**Supplied material:**

-.-.-

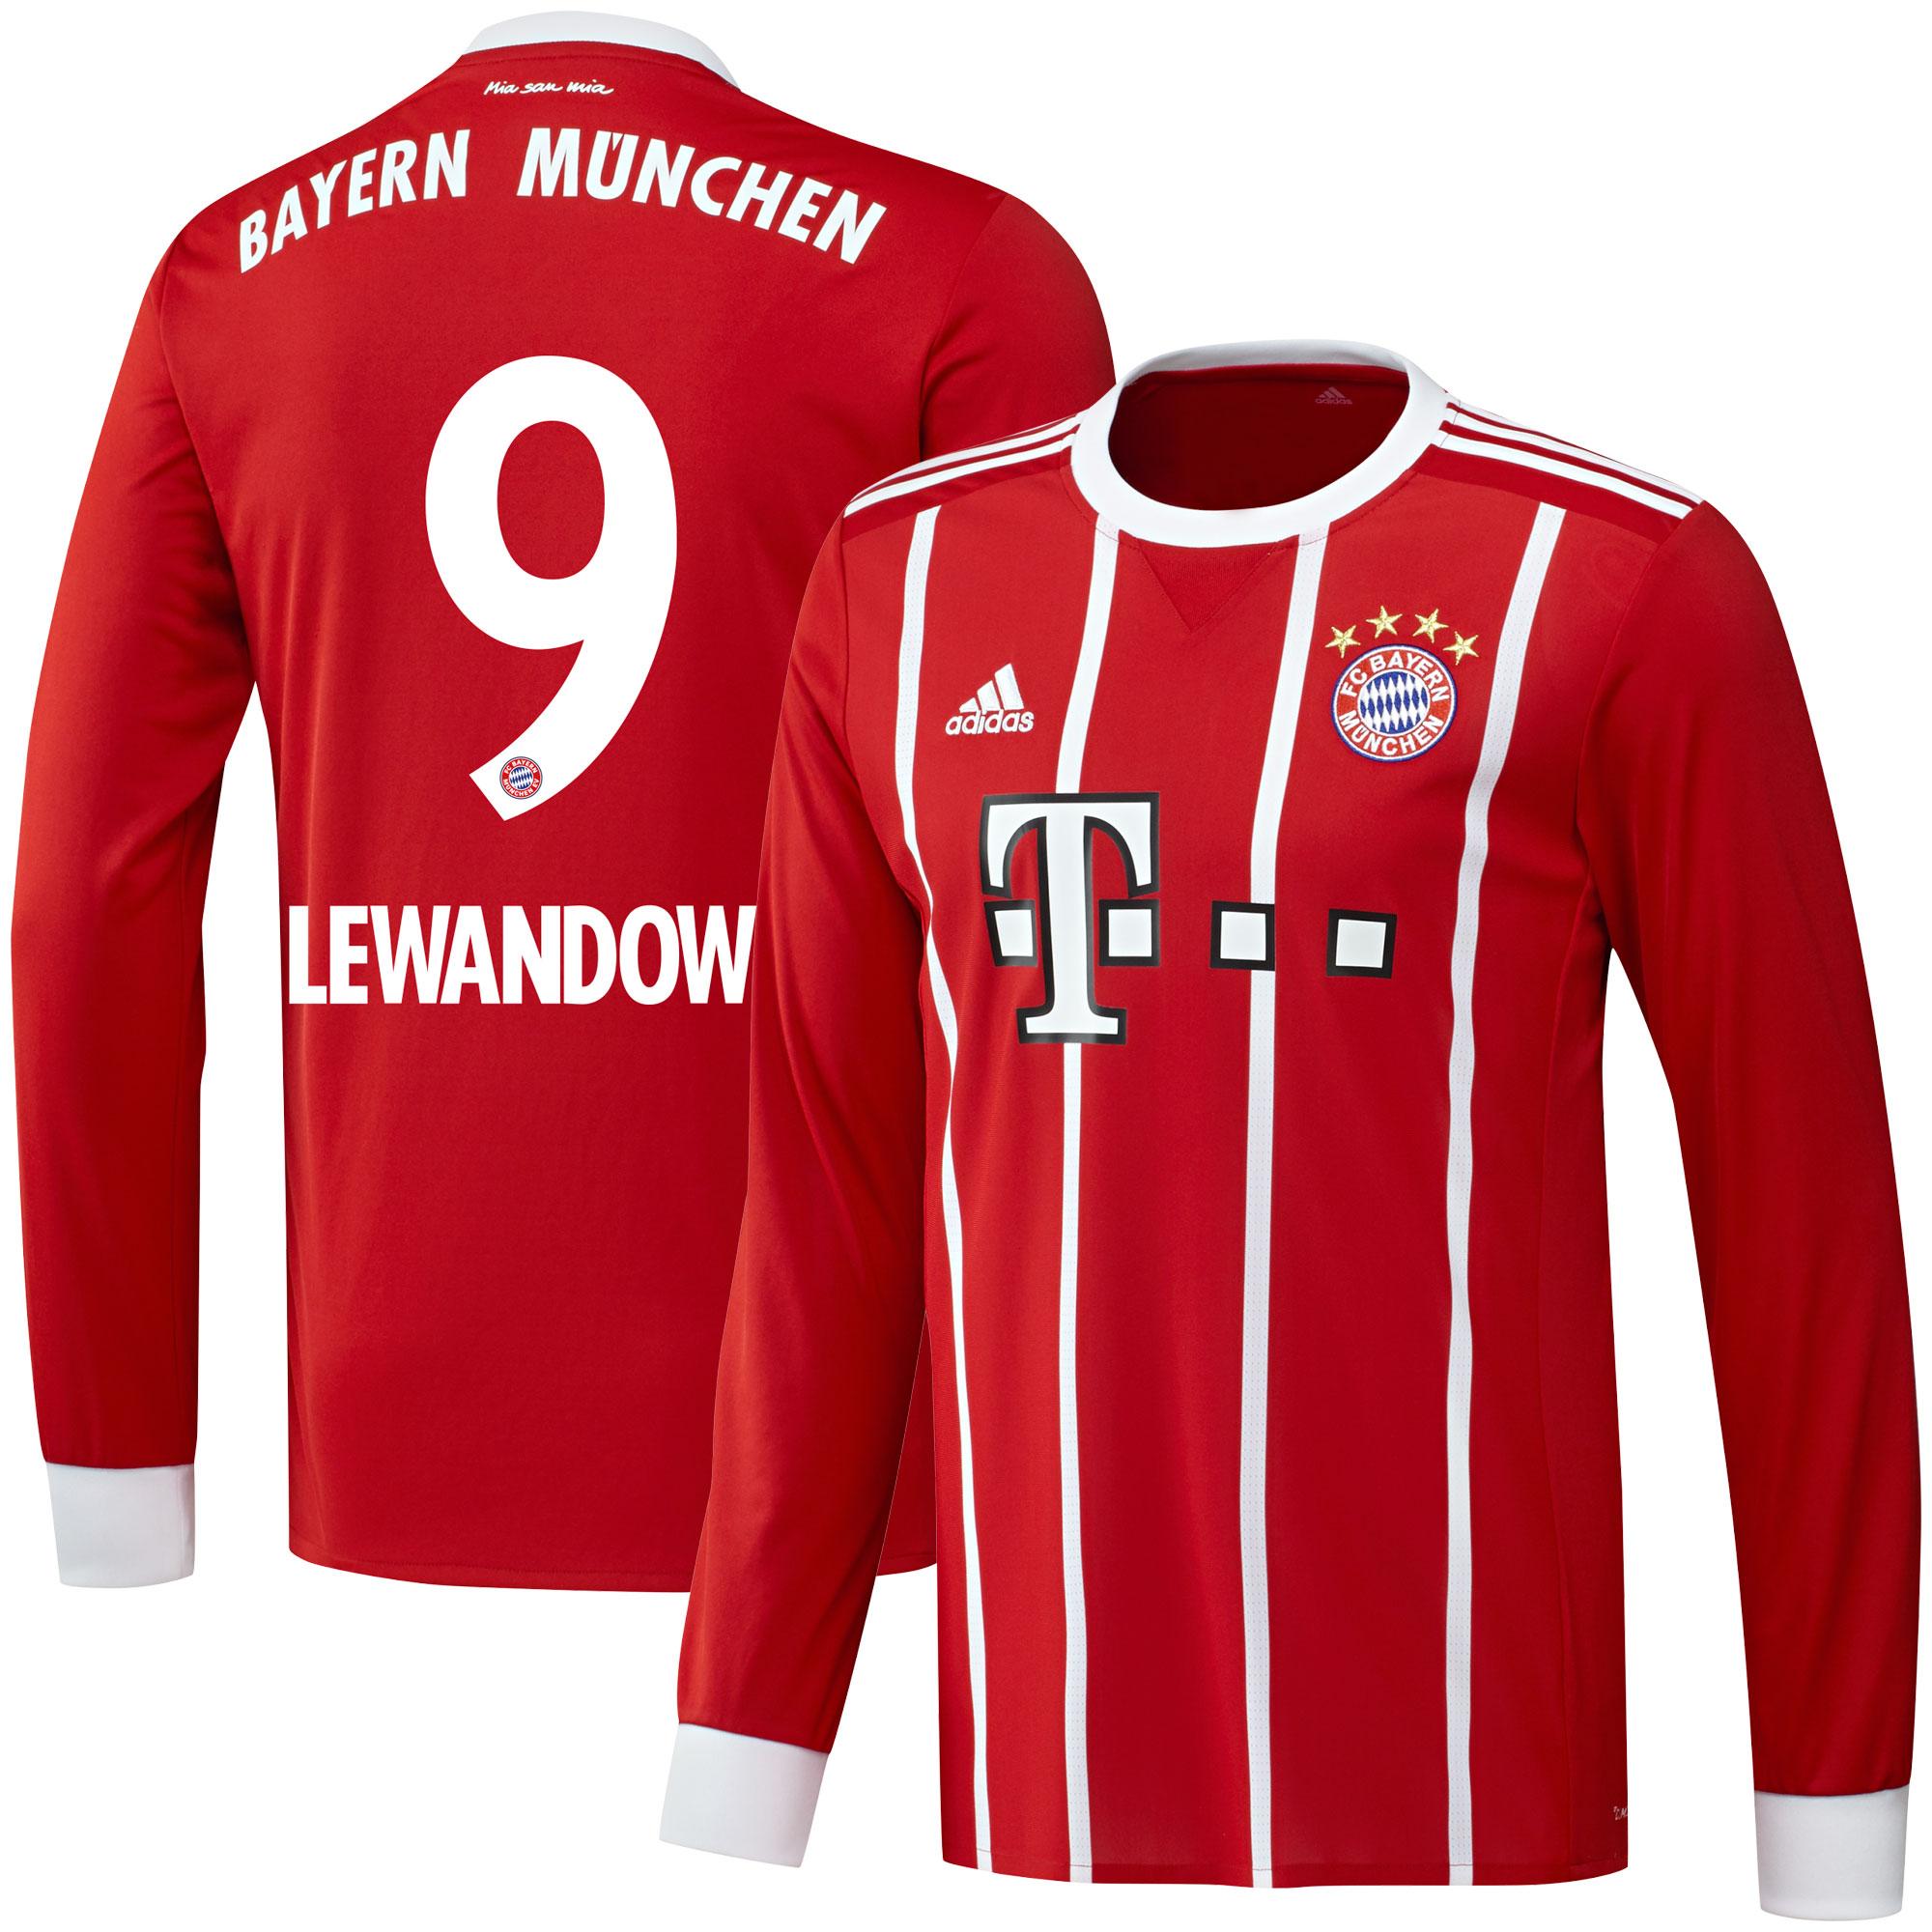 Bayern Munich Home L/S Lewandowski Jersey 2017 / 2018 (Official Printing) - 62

-.-.-

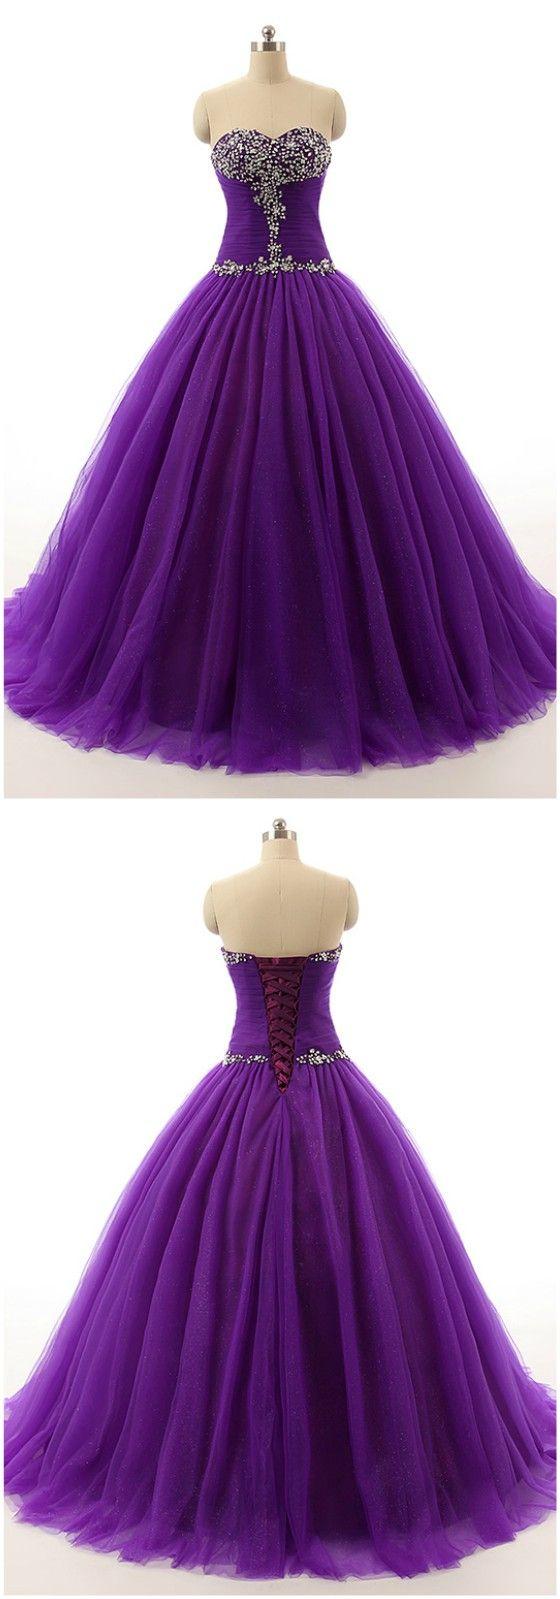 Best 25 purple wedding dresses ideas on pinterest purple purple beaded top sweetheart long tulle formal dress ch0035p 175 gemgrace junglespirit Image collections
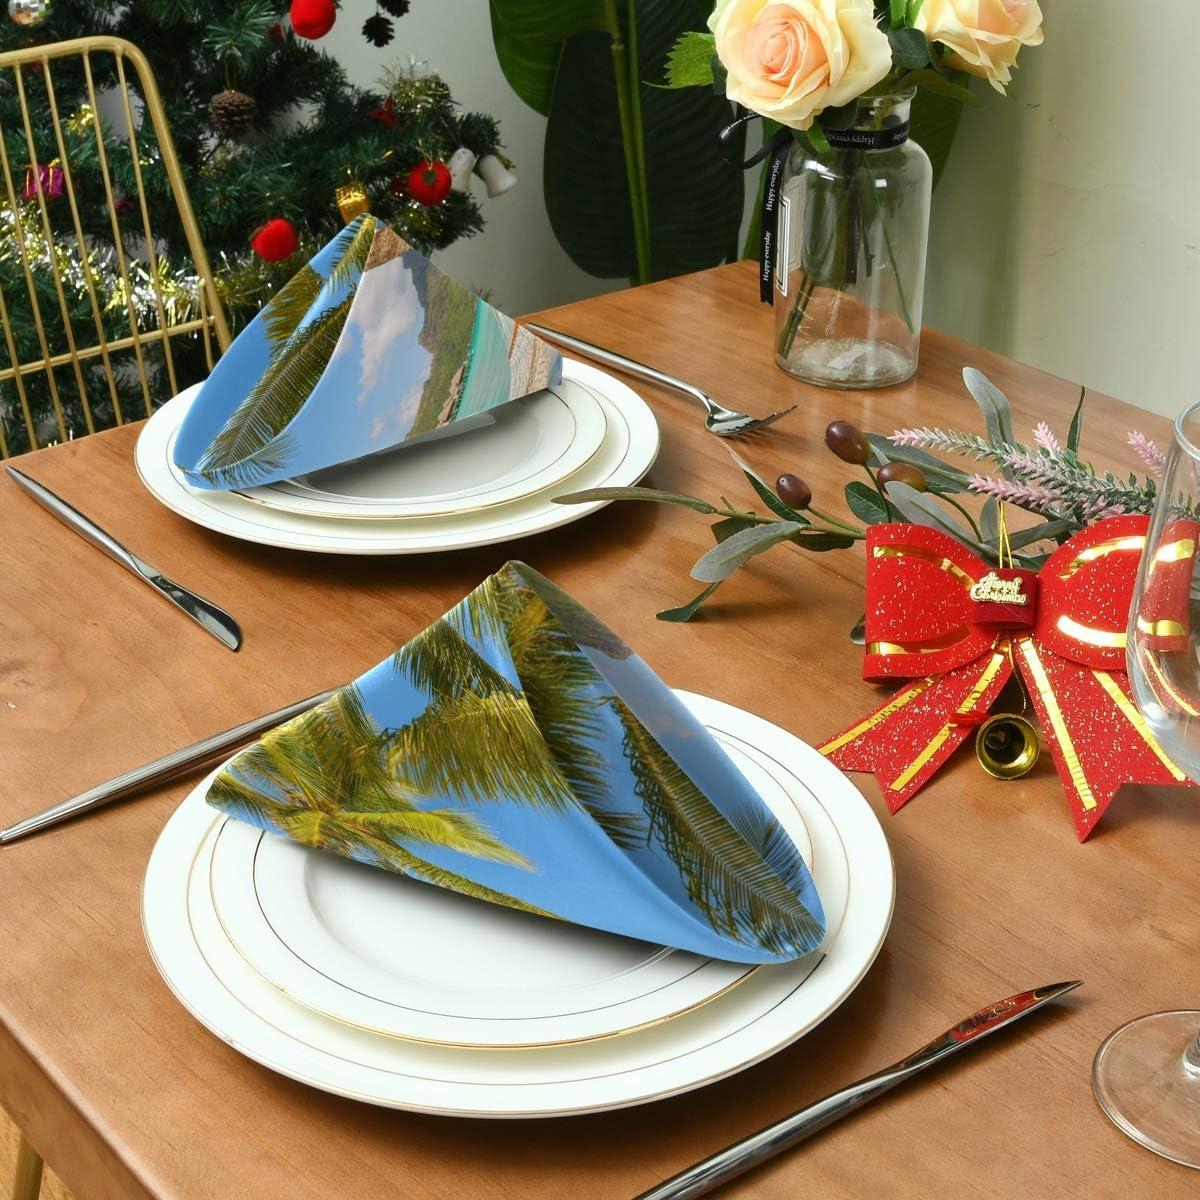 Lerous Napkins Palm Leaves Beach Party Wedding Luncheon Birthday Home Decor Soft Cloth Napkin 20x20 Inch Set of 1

-.-.-

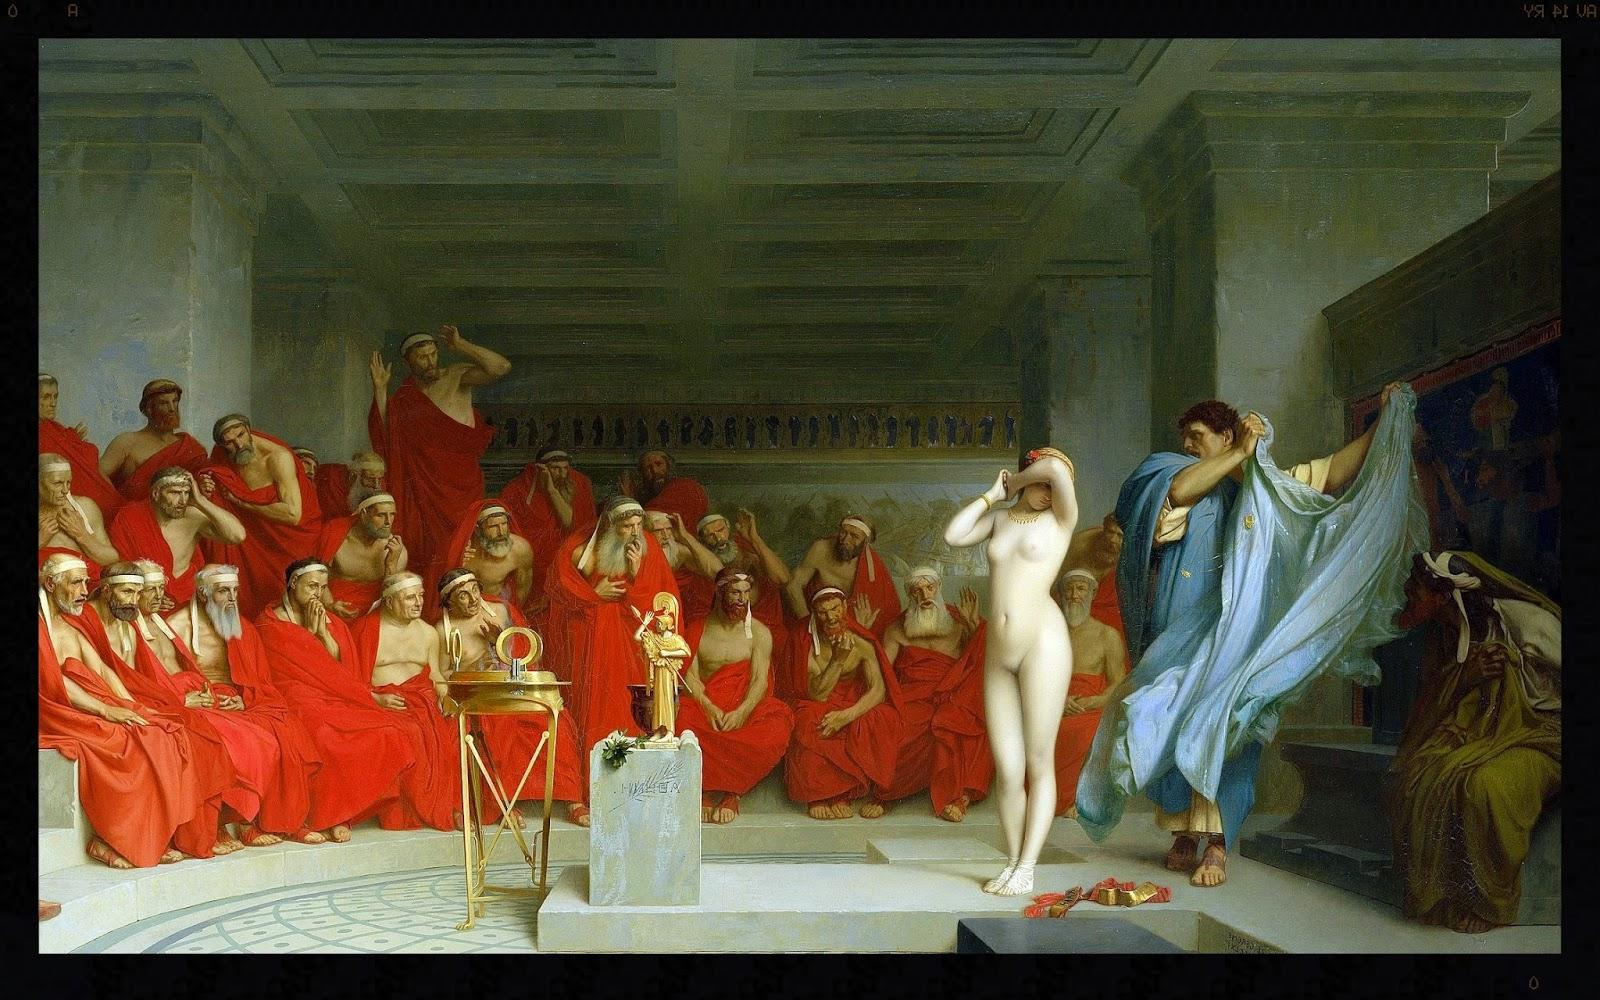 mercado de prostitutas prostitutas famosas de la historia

-.-.-

**Description of the task:**
In the listing above, find the line containing "Best 25 purple" and the line containing "Lerous Napkins Palm", then output those two lines and everything between them exactly as written, without the images.

**Answer box:**
 Best 25 purple wedding dresses ideas on pinterest purple purple beaded top sweetheart long tulle formal dress ch0035p 175 gemgrace junglespirit Image collections
 Lerous Napkins Palm Leaves Beach Party Wedding Luncheon Birthday Home Decor Soft Cloth Napkin 20x20 Inch Set of 1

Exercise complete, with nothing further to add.